Attention-based refinement mechanisms have been used in medical image analysis to combine global contextual cues with local detail and to focus feature integration on anatomically relevant regions. This precedent supports using self-attention to promote cross-view feature interaction beyond simple aggregation [19].

3.8. Uncertainty Estimation Using MC-Dropout

Epistemic uncertainty was estimated using Monte Carlo dropout during inference. At test time, dropout layers were kept active and multiple stochastic forward passes were performed per sample. The mean tumorous probability across passes was used as the predictive probability. The standard deviation of the tumorous probability across passes was used as an uncertainty score. This provides a simple uncertainty estimate without modifying the base architecture. Figure 4 summarizes the inference procedure used to obtain the MC mean probability and uncertainty score.
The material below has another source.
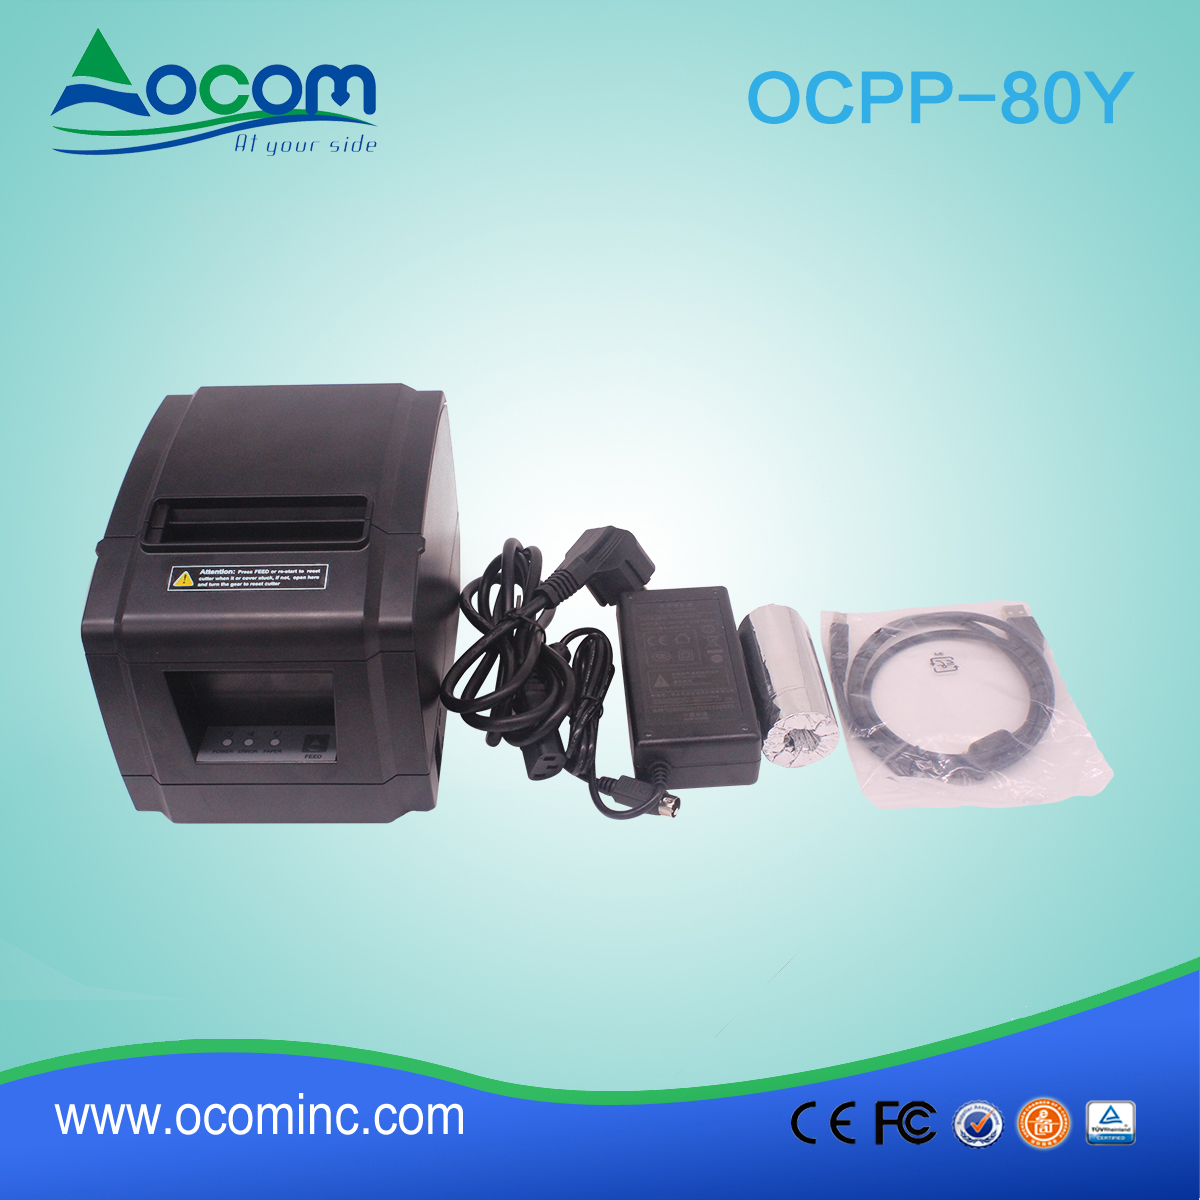 OCPP-80Y-China 80mm POS receipt printer is in promoting

Figure 4. MC-dropout inference pipeline. Multiple stochastic forward passes are performed with active dropout, the mean tumorous probability is used for prediction, and the standard deviation is used as an uncertainty score.

MC Dropout was performed with K = 10 stochastic forward passes per sample. Dropout (p = 0.2) was enabled during inference for the transformer encoder and classification head. No dropout layers are present in the ResNet-101 and DenseNet-121 feature extractors; therefore, the stochasticity introduced by MC-Dropout is confined to the fusion encoder and classification head. The predictive probability was computed as the mean of the K softmax outputs, and uncertainty was quantified as the standard deviation of the Tumorous-class probability. A logistic calibration model was then fitted per fold on the validation MC probabilities and applied to the corresponding test fold.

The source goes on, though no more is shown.